In the short-term, the Commission focuses on steps it says are urgently needed to prevent devolution from collapsing. But this involves a hefty obstacle course which includes scrapping both the House of Lords and the Barnett formula, creating a conveyor belt of new law-making powers for Wales and gold-plating the serially abused Sewel Convention.
How likely is it that any Westminster government would be willing to agree to all this?
It is a question the Commission leaves hanging in the air. But we know from experience that less than short change will be produced by the Tories. As for Labour, the direction of travel for all Keir Starmer’s policy commitments is to row back. He has made no firm commitments at all on the constitution for Wales – with the single exception of devolving the Levelling Up Fund.
Even if the contours of Keir Starmer’s constitutional policy are revealed – in a keynote speech, in London, no doubt, over the next few months – Labour have a problem.
This is not 1973. It’s not even 1997. Constitutional change is not something done to us, or for us, anymore. It’s something we do now for ourselves.
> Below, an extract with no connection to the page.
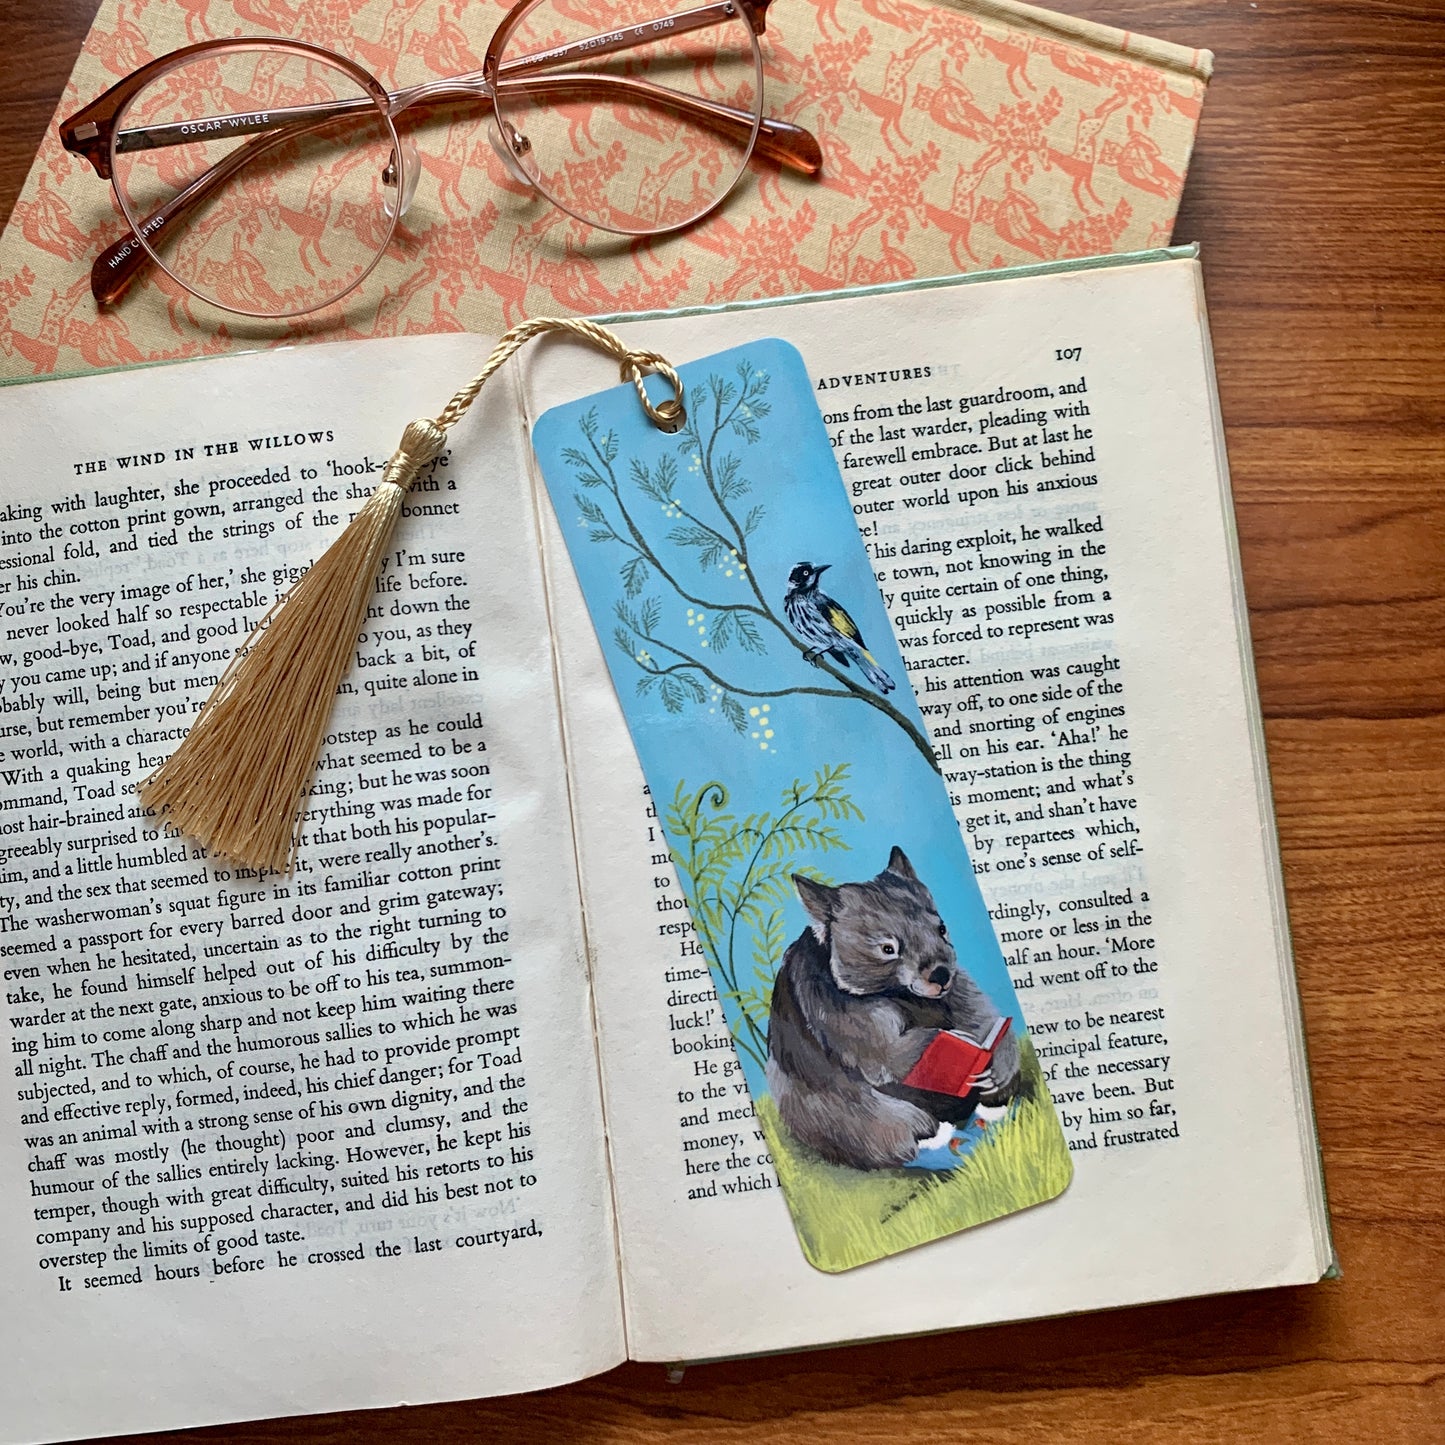 Bookmark - Cosy Wombat - Cute illustration
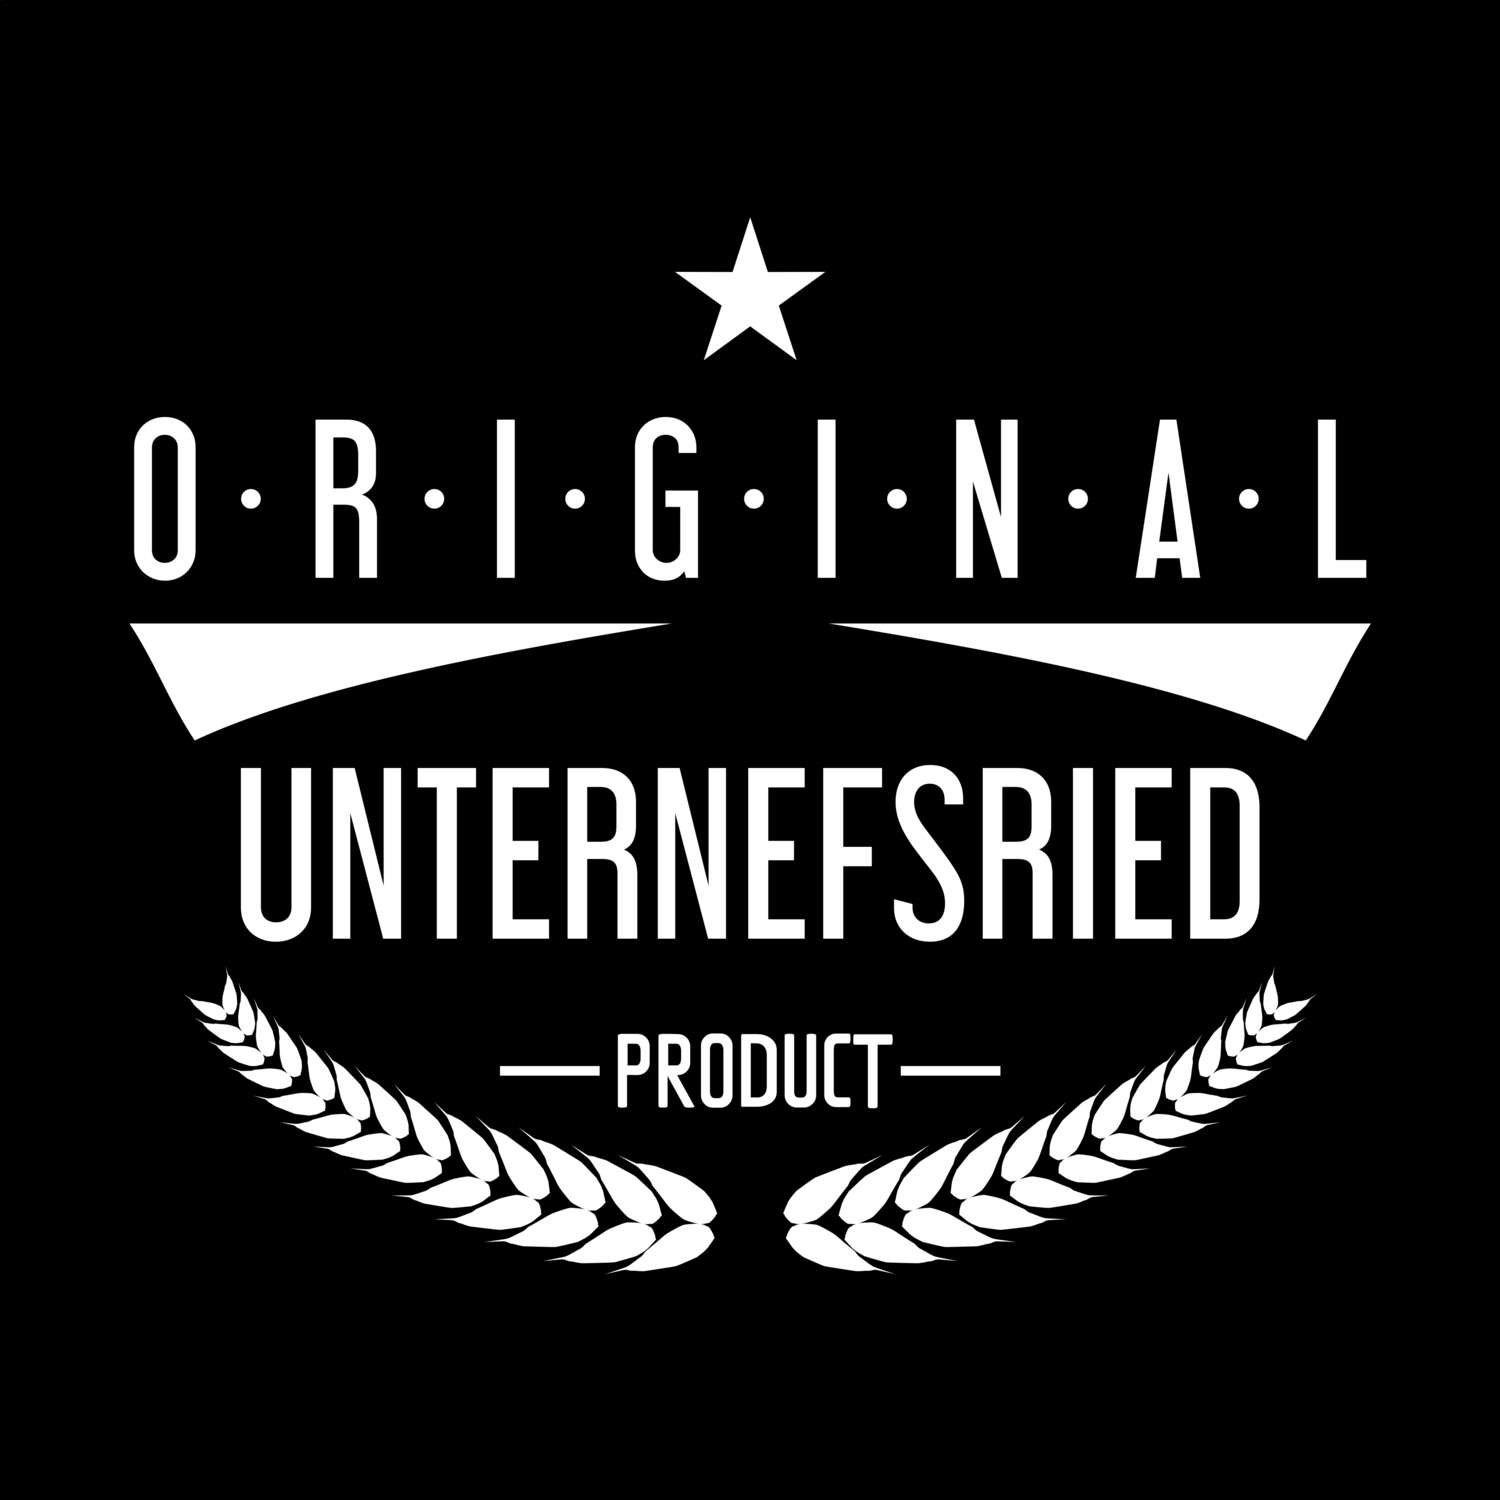 Unternefsried T-Shirt »Original Product«

In spirit; in our thinking; increasingly, as we saw in the pandemic, in policy and action – in a sense, we’re independent already.
It’s the status quo that is not an option anymore, as the report boldly says. Yet, economically and socially, it’s the status quo that Westminster has delivered for the past 50 years, since Kilbrandon reported. What once was nonsense is increasingly a new common sense for more and more people in Wales.